DOACs, direct oral anticoagulants; VKA, vitamin K antagonists.

The Anticoagulation at discharge with Non-VKA after COVID-19 pNeumonIa and Based on Abnormalities of Liver’s parameters (ANIBAL) protocol is a simple approach that considers liver and renal function as well as the product label of DOACs in order to facilitate the choice of anticoagulation therapy at discharge after hospitalization for COVID-19 (Figure 2). Thus, in patients with a normal liver function and a creatinine clearance rate of >30 mL/min, dabigatran is recommended in order to reduce the risk of drug–drug interactions, drug-induced hepatotoxicity, and bleeding. In case with a creatinine clearance rate between 15 and 30 mL/min, edoxaban 30 mg should be preferred. The same recommendations apply for patients with elevated transaminases at ≤2 times upper limit of normal (ULN); by contrast, in patients with elevated transaminases at >2 × ULN, LMWH is recommended until transaminases decrease to ≤2 × ULN (in this case, act as previously recommended).

Figure 2.

Algorithm approach for patients with non-valvular atrial fibrillation at discharge after COVID-19 infection – the ANIBAL protocol.
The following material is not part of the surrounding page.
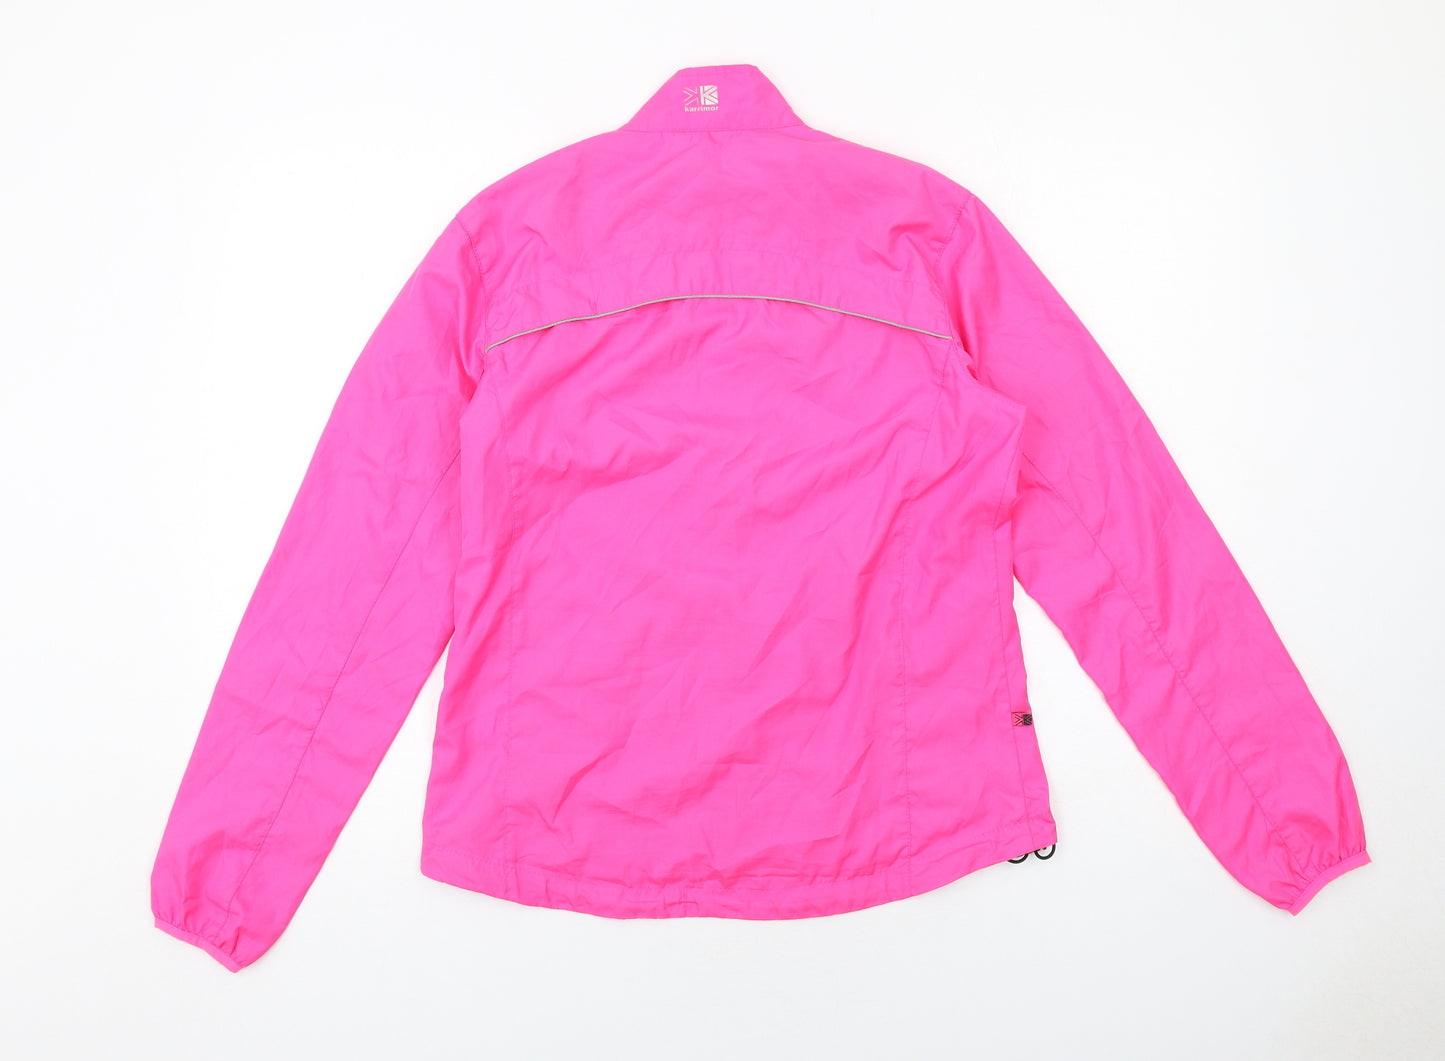 Karrimor Girls Pink Jacket Size 12 Years Zip

LMWH, low-molecular-weight heparin; ULN, upper limit of normal.

Conclusions

Patients with COVID-19 infection have a high risk of arterial and venous thrombotic complications. On the other hand, the risk of AF is increased in these patients. Switching to LMWH has been recommended during hospitalization for COVID-19 infection. However, at discharge, the prescription of DOACs may offer some advantages over VKAs. Considering that dabigatran has shown a good efficacy and safety profile, seems to have a low risk of hepatotoxicity, is not metabolized by cytochrome P450, and has a specific reversal agent, it may be considered as a first-line choice for oral anticoagulation at discharge after COVID-19 infection.